Moreover, the invention relates to a method for producing such a device for reflecting electromagnetic waves.
More specifically, the invention relates to electromagnetic waves in a wavelength range less than 200 nm.
2. Description of the Related Art
DE 198 30 449 A1 discloses a mirror substrate which comprises crystal and is provided with an amorphous layer of the order of magnitude of 1 to 100 μm, which allows a much higher polishing quality than the mirror substrate itself. In this case, the use of such a mirror is provided in EUV projection exposure installations.
In general, it is known that mirrors in EUV installations, for example EUV lithography systems, must have a very good figure, which means that the errors in the low spatial frequency range in EUV (spatial wavelengths≧1 mm) are small. Furthermore, such mirrors must have small roughnesses in the mid spatial frequency range (MSFR: mid spatial frequency roughness; at EUV spatial wavelengths typically between 1 μm−1 and 1 mm−1. It is furthermore known that part of the incident light is absorbed by the multilayer reflection layers that are customary and known per se, the so-called Distributed Bragg Reflectors (DBR), and converted into heat.

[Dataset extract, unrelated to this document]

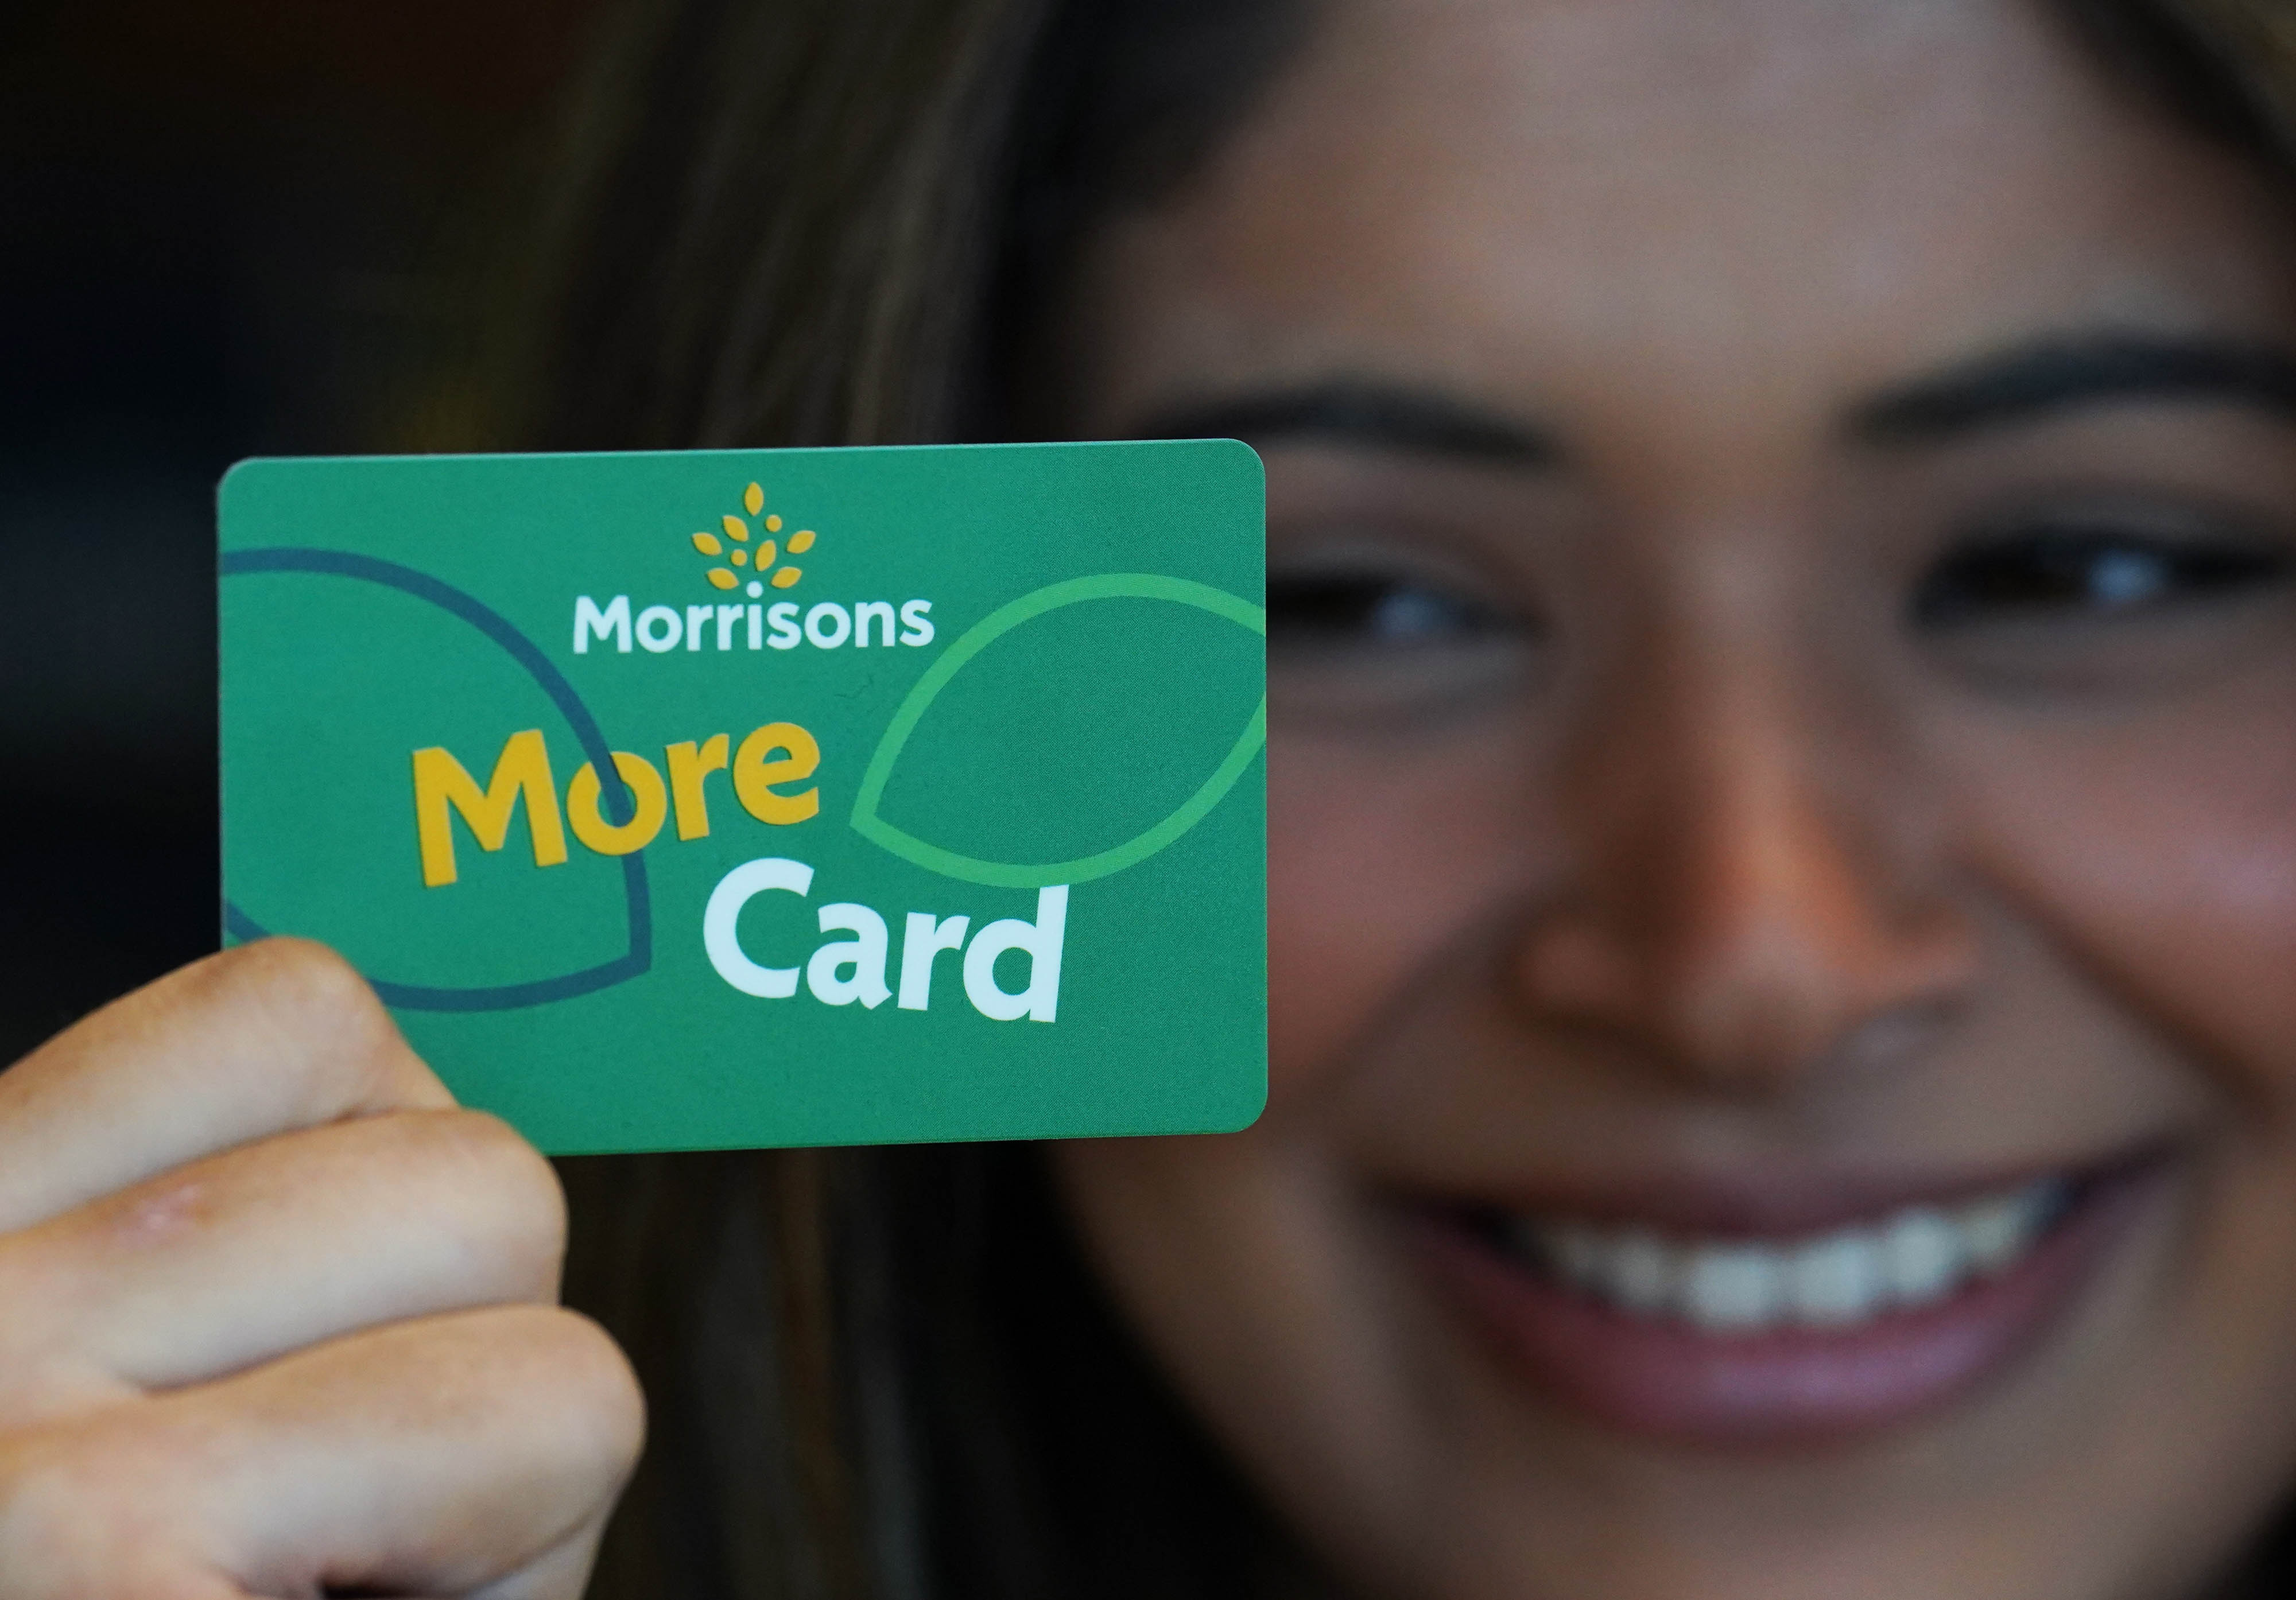 Das Treueprogramm Morrisons More Card bietet Kunden zahlreiche Angebote

To ensure that the surface form of the mirror remains stable during operation under these thermal loads, it is necessary to use a material with the smallest possible thermal expansion coefficient as carrier material for such mirrors. In particular, mention shall be made here of glass-ceramic materials which are composed of a plurality of components having different thermal expansion coefficients, so that the material has macroscopically no or a vanishing thermal expansion coefficient. The materials sold under the proprietary names ZERODUR® or Clear Ceram® are applicable as an example of said material.
In addition to these requirements that are to be satisfied in the region of such mirrors, a very small roughness of approximately 0.1 nm rms of the surface must additionally be ensured in the region of high spatial frequencies (HSFR: high spatial frequency roughness; in EUV: spatial wavelengths≦1 μm), in order to ensure a corresponding reflectivity in the EUV region of the multilayer to be applied to the mirror surface.
According to the current prior art, the required HSFR in the region of approximately 0.1 nm rms can be achieved by means of superpolishing methods on various materials, such as quartz glass, ULE, silicon, or else on glass ceramics, such as ZERODUR® or Clear Ceram®. However, these superpolishing methods have the disadvantage that, at least when aspherical mirrors are used, generally the figures and, under certain circumstances, also the longer-wave MSFR components are impaired again, so that the superpolishing methods have to be followed by a fine correction process.
Particularly when using glass-ceramic materials, such as ZERODUR®, in which crystallites having a corresponding thermal expansion coefficient are embedded in an amorphous matrix having a different thermal expansion coefficient, a fine correction method, in particular based on ion beam figuring, leads to a serious impairment of the HSFR.